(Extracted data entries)
• • • • •
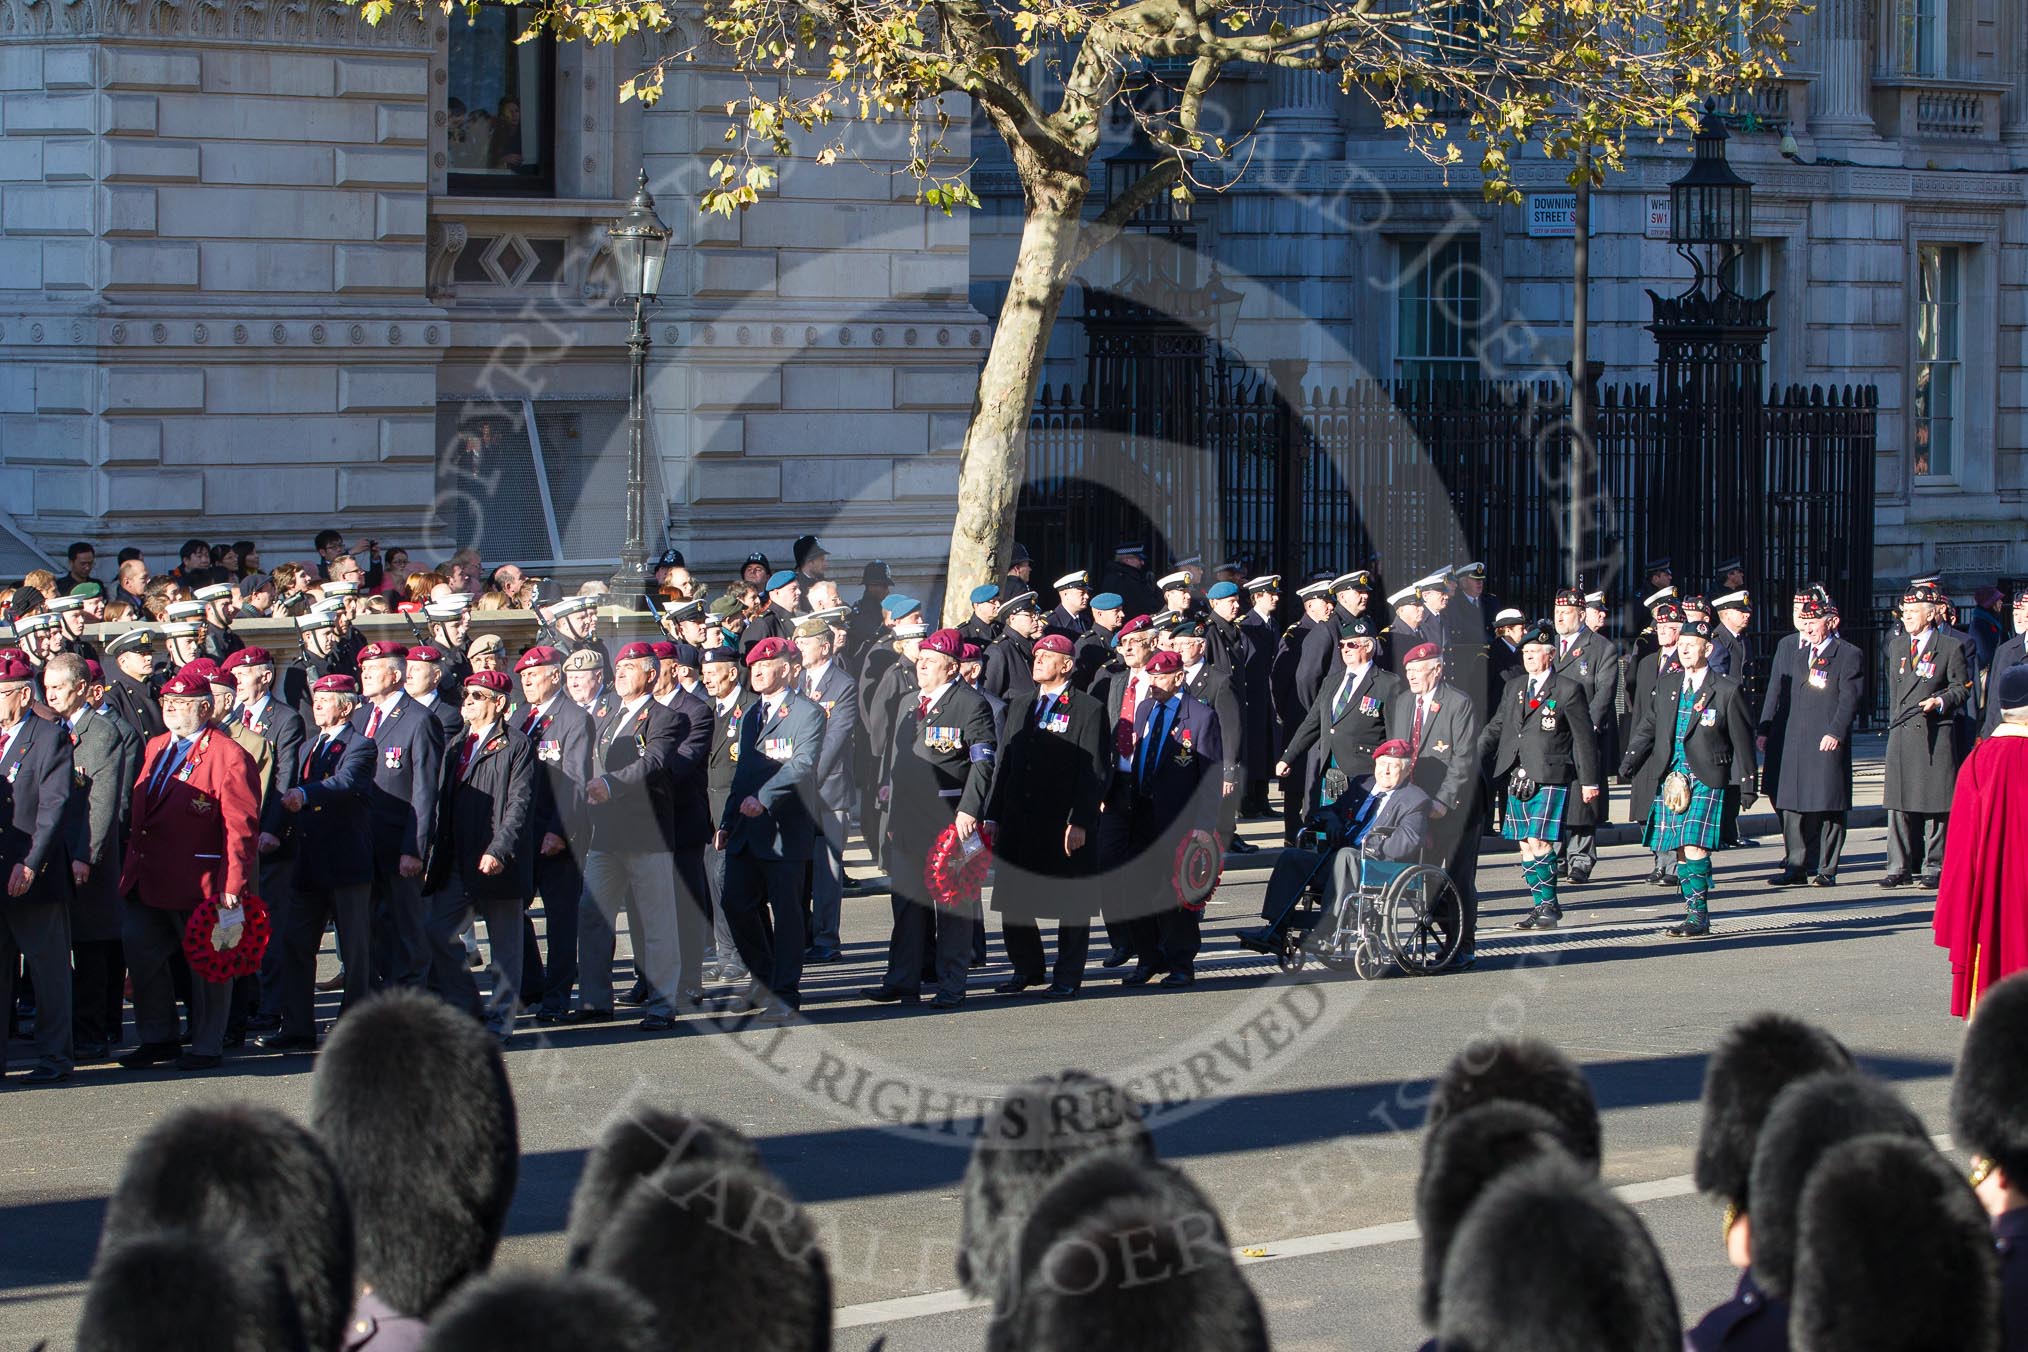 Remembrance Sunday 2012 Cenotaph March Past: Group A20 - Parachute Regimental Association and A21 - Royal Scots Regimental Association..
Whitehall, Cenotaph,
London SW1,

United Kingdom,
on 11 November 2012 at 11:51, image #694
• • • • •
EXERCISE | Your reply should repeat the entries above exactly, leaving the pictures out.

RESPONSE FOR THIS EXERCISE |
 Remembrance Sunday 2012 Cenotaph March Past: Group A20 - Parachute Regimental Association and A21 - Royal Scots Regimental Association..
Whitehall, Cenotaph,
London SW1,

United Kingdom,
on 11 November 2012 at 11:51, image #694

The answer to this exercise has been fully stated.